Radio checks are illegal on chanel 16. Use channel 27 in Pensacola for an automated check. Tow boat will welcome you and play back what you said asking for the radio check. 
I was out this morning and a boat was in distress talking with the CG. Three boats came in and asked for radeo checks on 16 during the conversation. Write the numbers 27 on top of your radio and use it for radio checks. They will start issuing tickets for using it.


----------



## Caddy Yakker (May 21, 2011)

I minitor 16 when I fish in my kayak and it is unbelievable how many people use ch16 for radio checks!


----------



## jasoncooperpcola (Jan 2, 2008)

How can they enforce it Sealark? If five boats on the Three Barges and one calls in for a radio check. How do they know who did it?


----------



## jim t (Sep 30, 2007)

Reminds me of a story from Naval Aviator training.

A student pilot (SP) and instructor pilot (IP) were holding short of a runway doing last minute checks.

The SP is having a hard time with something. The IP asks on the intercom, "Are you ready to go yet?"

The SP thinking he is on the intercom, instead broadcasts on tower frequency for all to hear... "Sorry sir I am all FUCQED up back here..."

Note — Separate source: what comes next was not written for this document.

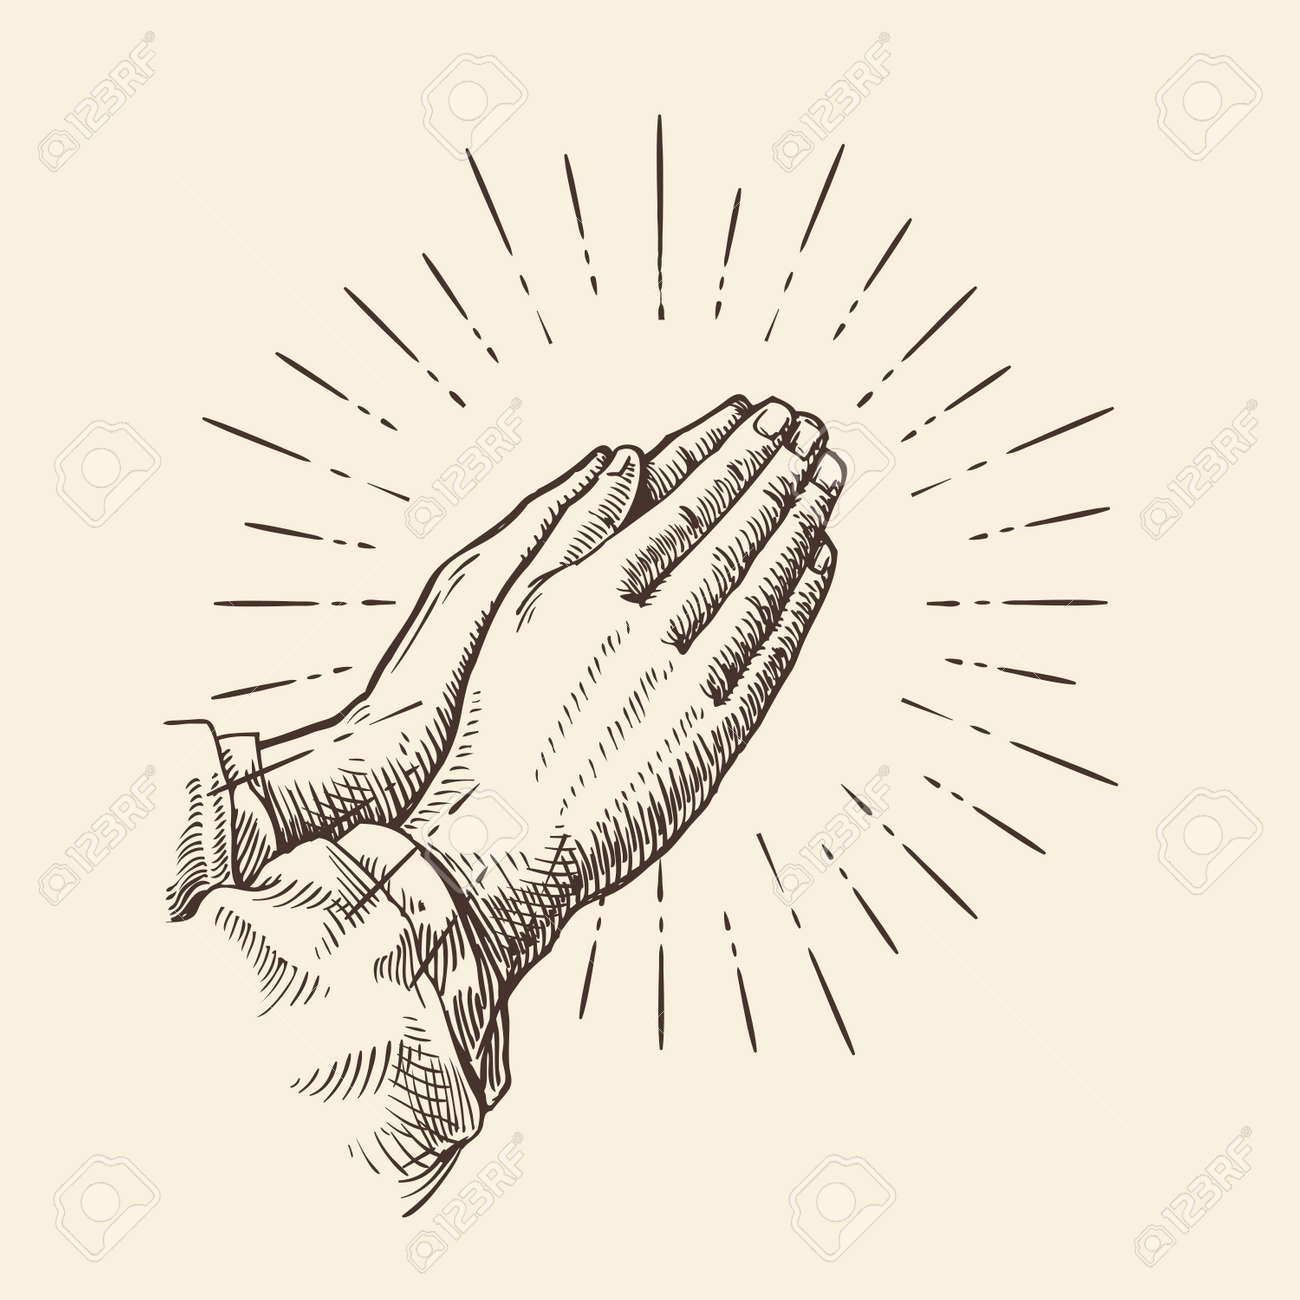 Praying hands. Hand drawn sketch vector illustration - 67209434

The Tower controller asks... "Aircraft making last transmission, say your call sign."

No response...

Again the Tower commands "Aircraft making that last transmission say your call sign..."

Nothing...

Again the tower asks, "Aircraft that cursed on this frequency identify yourself..."

Finally another aircraft on the frequency responds, "Tower, he said he was fucqued up, not STUPID..."

Jim


----------



## flukedaddy (Apr 11, 2009)

jim t said:


> Reminds me of a story from Naval Aviator training.
> 
> A student pilot (SP) and instructor pilot (IP) were holding short of a runway doing last minute checks.
> 
> ...


:thumbup: COOL Read!


----------



## BlaineAtk (Jun 8, 2010)

Wirelessly posted

Lol. Some new radios ( at least in the commercial world where I work) have a signal ID that they can track.


----------



## sealark (Sep 27, 2007)

You are correct all the new vhf radios have it. Why question, how will they tell. God damn you may be in distress when some jackleg starts asking for a RC. Besides you get to hear your voice on the playback.


----------



## Telum Pisces (Sep 27, 2007)

sealark said:


> You are correct all the new vhf radios have it. Why question, how will they tell. God damn you may be in distress when some jackleg starts asking for a RC. Besides you get to hear your voice on the playback.

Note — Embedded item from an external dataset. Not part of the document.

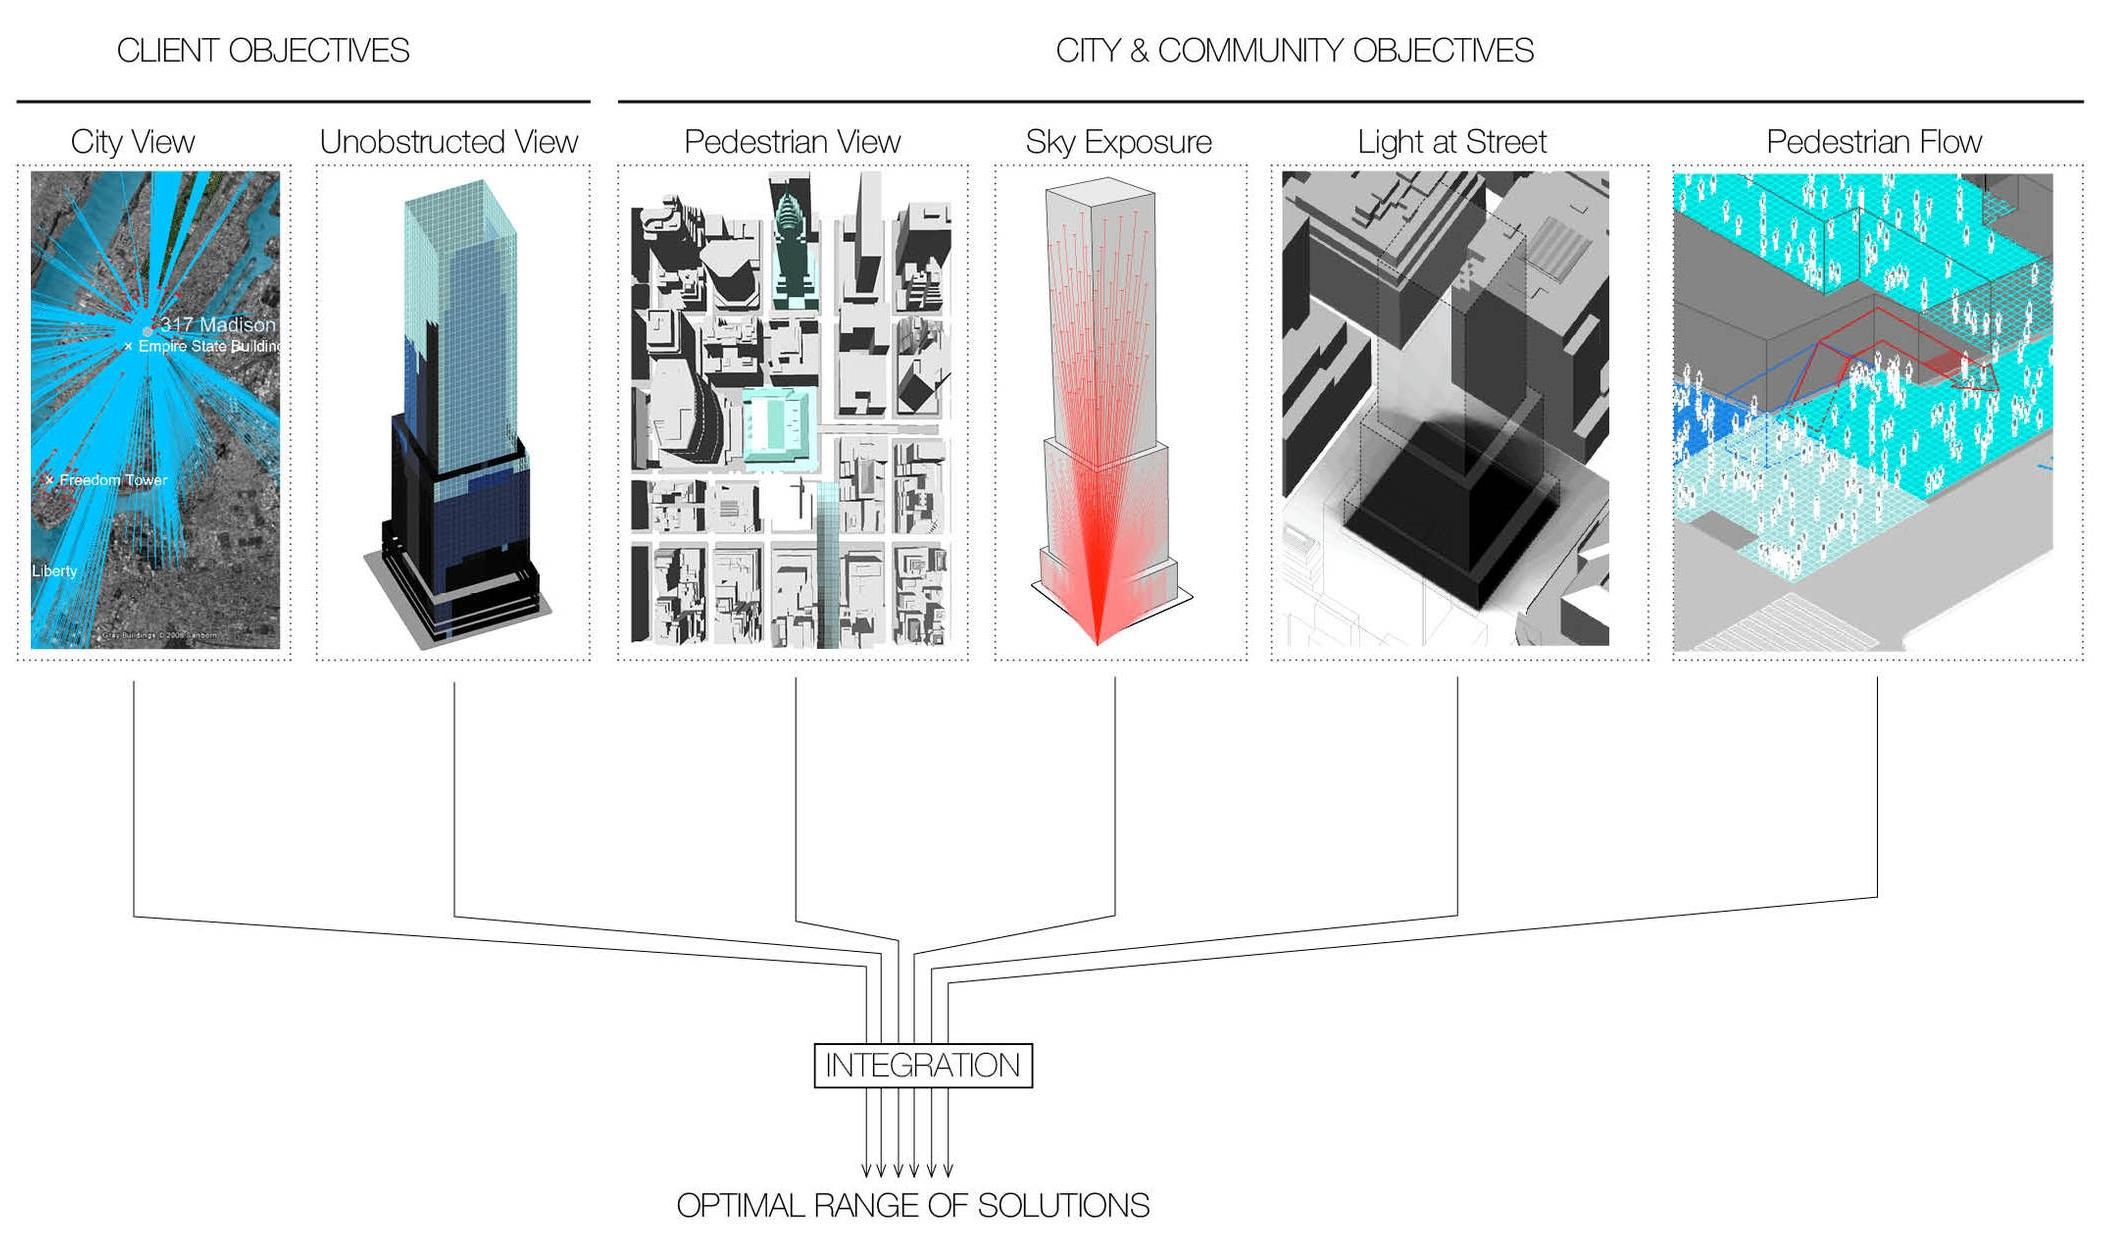 Example diagram for One Vanderbilt of stakeholder objectives. Image credit: KPFui

Just going to take time for people to get the word out just like your original post did. Thanks sealark. :thumbup:

This type of thing will eventually spread throughout the boating community and be the norm. I heard the CG confirming the radio checks last week. They would not mention to the boater about the other channel or anything. Sooooo who's getting the word out to boaters?


----------



## John B. (Oct 2, 2007)

I work week on/week off ...80+ hours when I'm on shift. I lways have a vhf on me. You would not believe the bullshit I hear on channel 16.

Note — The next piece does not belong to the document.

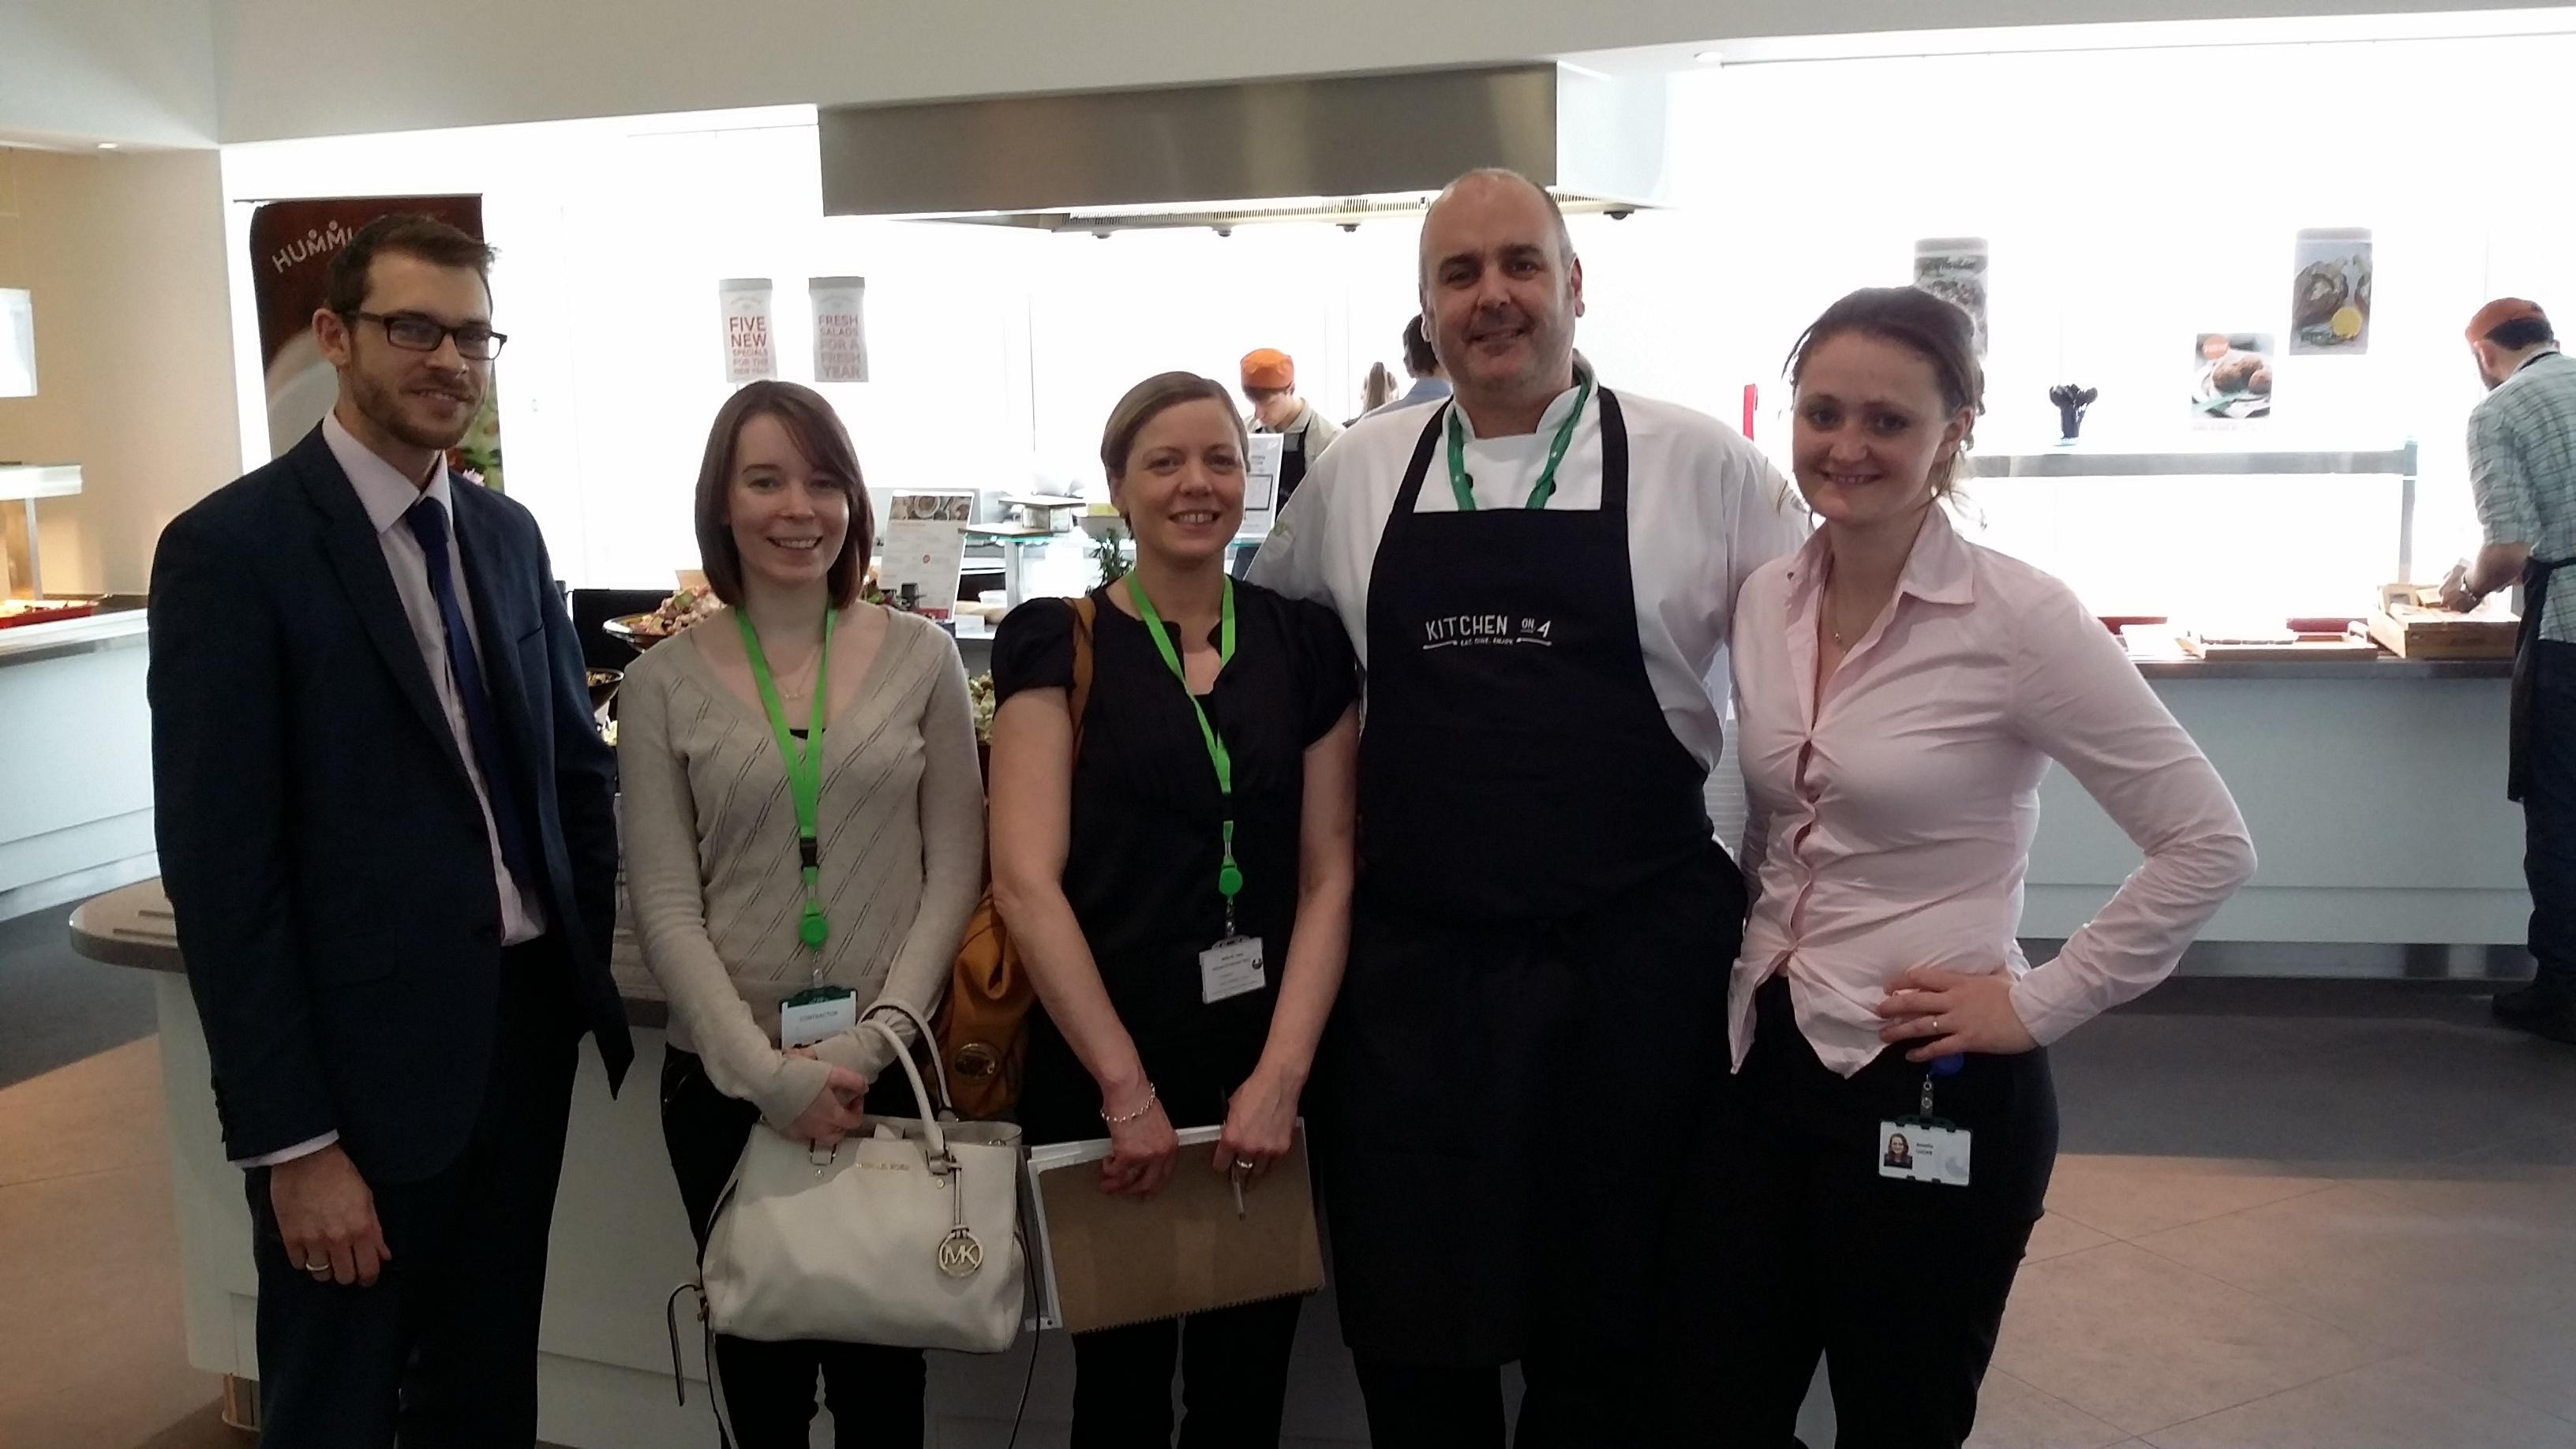 Ed, Jess, Jane, Chef & Amelia

On the weekends I'll hear coastguard sector mobile issue many warnings along the lines of "channel 16 is or hailing and distress only, all conversations are to be conducted on a working channel. Radio checks are to be conducted on channel 27. This is CG sector mobile, monitoring and recording channel 16, out."



I agree with Sealark. Even something so small coyld save someone.

Sent from my Galaxy S4 using Forum Runner.


----------